Title Dear Life
Author Dr Rachel Clarke
Publisher Little Brown
Reviewer George Winter
It is Dr Rachel Clarke’s first hospice multidisciplinary team meeting. Under consideration is the challenge of how best to turn in bed a pain-wracked lady named Florence, in her late eighties and dying with an aggressive cancer. Nina, Florence’s nurse, proposes a strategy that intrigues Clarke. She writes: “Partying after dark with laughing gas and morphine? Not exactly a textbook approach to pain management.” The next morning Clarke asks Nina if it worked. “Rach, it was bloody fantastic. I put on Gloria Gaynor; we were both singing our guts out. The Entonox was brilliant and, you know what? She hardly even noticed when we moved her. It worked like a dream.” I cheered out loud.

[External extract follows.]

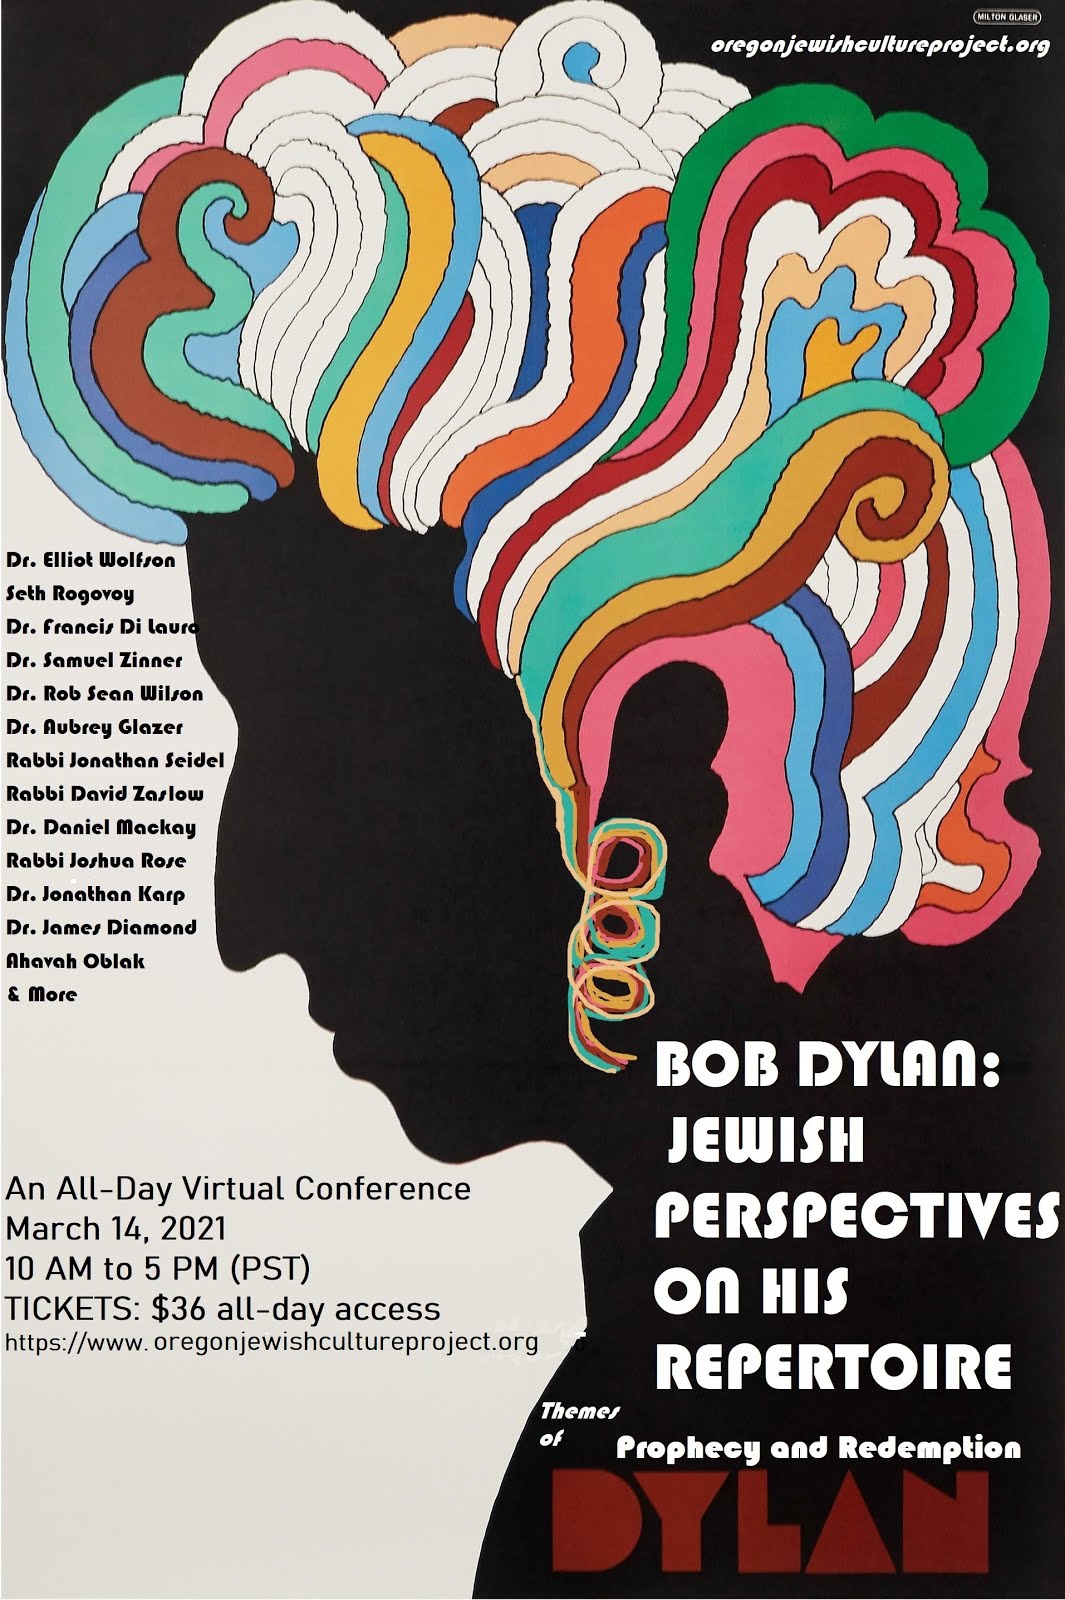 Bob Dylan: Jewish Perspectives On His Repertoire

Dear Life can be best summed up by quoting Nina: “Rach, it was bloody fantastic.”
Having survived a London pub bomb attack and a brush with cancer, documentary-maker Clarke, well into her twenties, decided to study medicine, subsequently specialising in palliative care. Dear Life is a memoir that includes vignettes — described with candour, sensitivity and humour — to illustrate the rich variety of life lived, and celebrated, in a hospice. There is also a clear-eyed yet moving account of Clarke’s experience following her father’s diagnosis with cancer and his subsequent death. And significantly, “[c]onspicuous by its absence in this book is a statement of where I stand on the divisive issue of assisted dying”. This is a welcome admission because although we can be sure that the author’s views on assisted dying derive from a wisdom born of knowledge and experience that could only enrich our understanding, “the relationship of trust between myself, my patients and their families is paramount, and I worry that expressing my views publicly might jeopardise that bond.”
Conspicuous by its presence throughout the narrative is the reminder that all of us, as Leonard Cohen once sang, are “only passing through”. It is a point well made in uncomplicated prose. Too often in the medical humanities the impact of an important message is blunted by academic language when plain speech would do. For example, The Healing Arts: An Oxford Illustrated Anthology (1994, Ed RS Downie) includes an introduction that cements the author’s status as a Professor of Moral Philosophy; but it stimulates the brain without nourishing the soul. As Mavor observes in the Proceedings of the Royal College of Physicians of Edinburgh (1996, 26: 159‒163), citing the novelist and critic Neil M Gunn (1891‒1973): “Too much critical analysis of a specific experience can drain its virtues away… Reason’s noise. One who makes too much noise will never see a fawn in a glen. But there are fawns in glens.” Yes, and they can be found throughout the uplifting narrative of Dear Life.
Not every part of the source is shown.